§ **What to do**: Transcribe exactly the lines below that begin at the line with "Monkey baby and mother" and stop after the line with "Maquillage artistique inspiration galaxies", leaving out every picture.

§ **Records for processing**:
-------

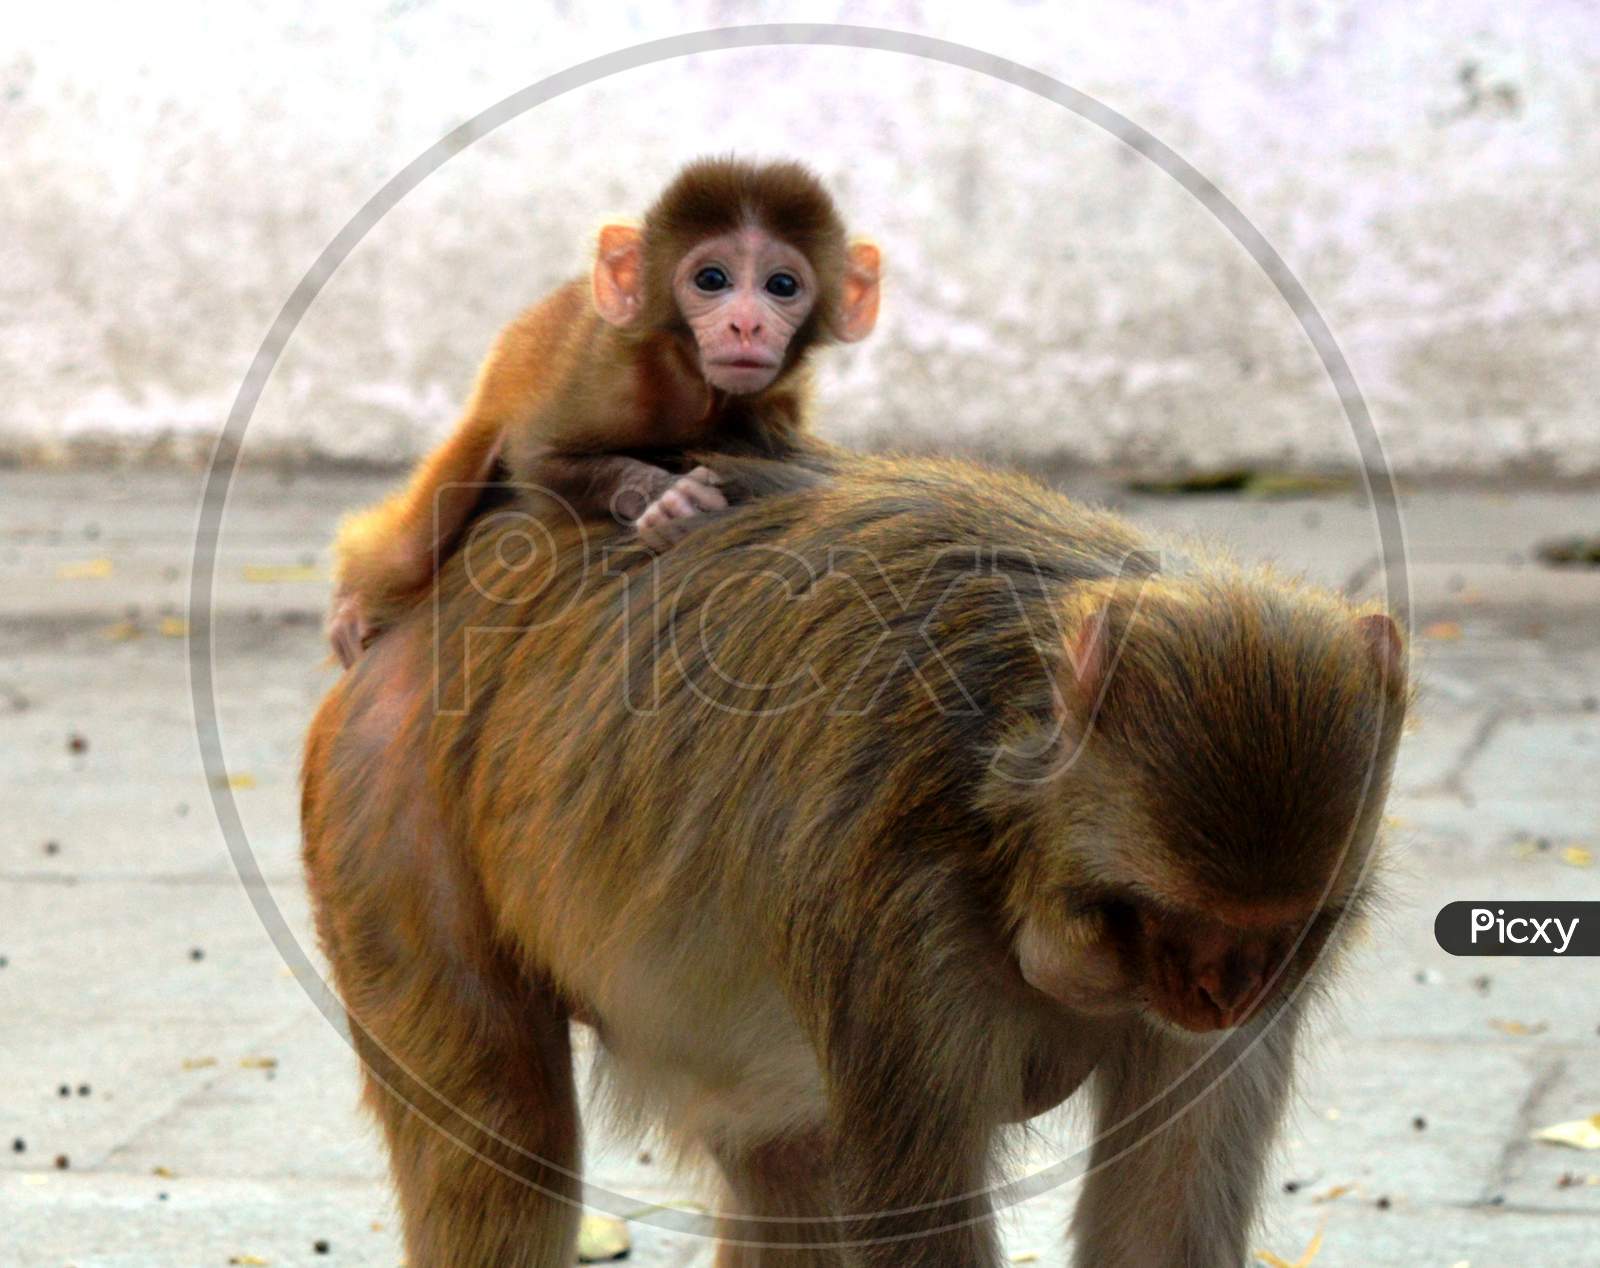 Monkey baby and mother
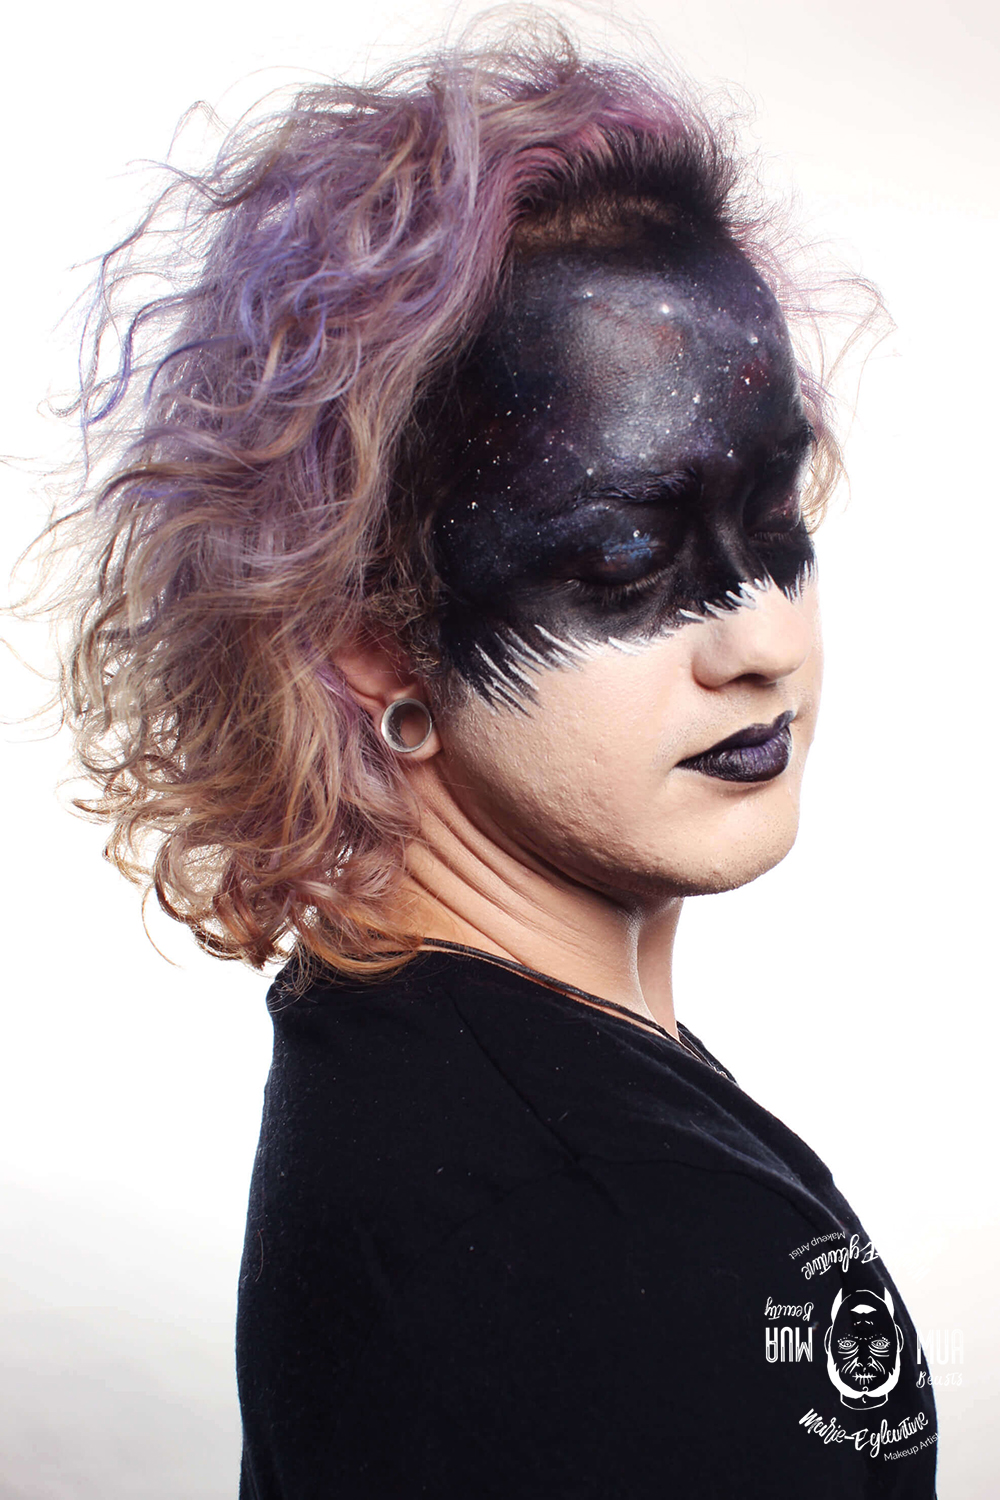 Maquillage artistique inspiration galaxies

-------

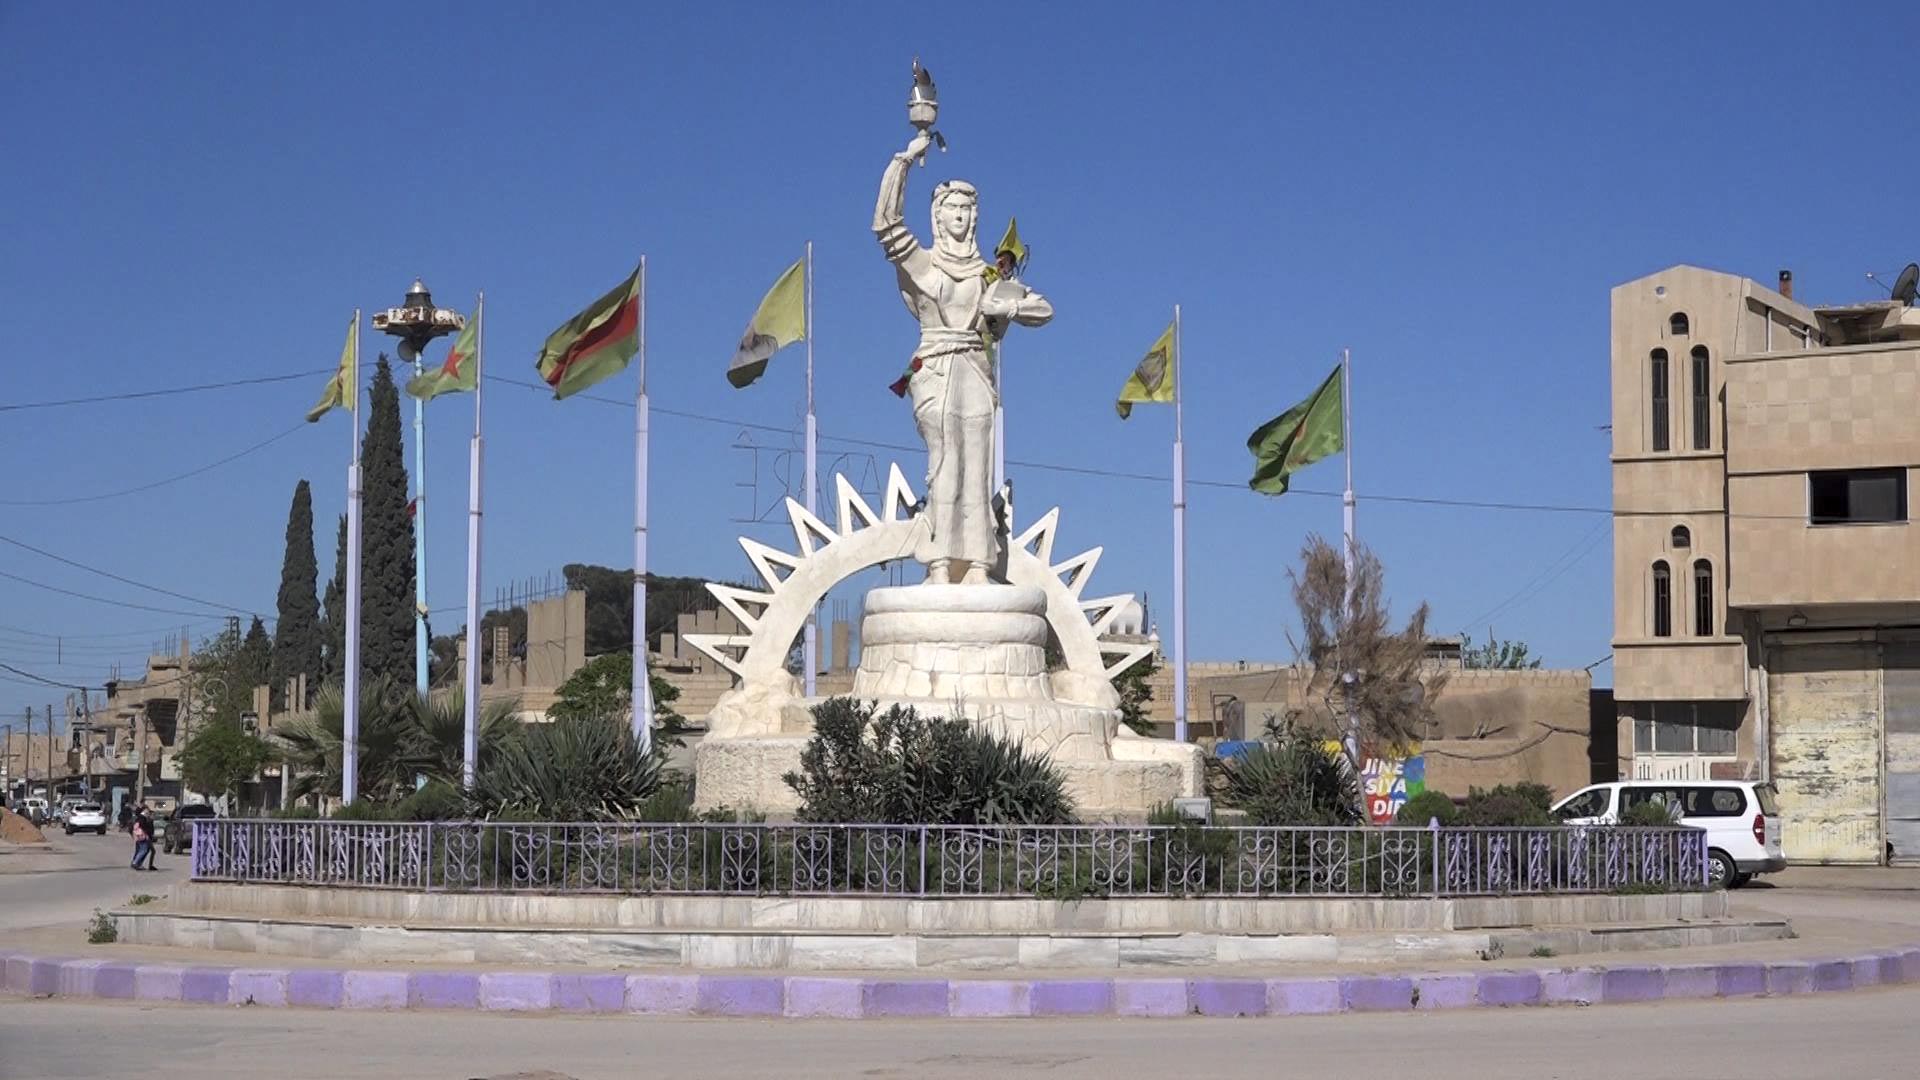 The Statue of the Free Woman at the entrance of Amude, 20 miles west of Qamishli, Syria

-------

§ **Reply**:
 Monkey baby and mother
 Maquillage artistique inspiration galaxies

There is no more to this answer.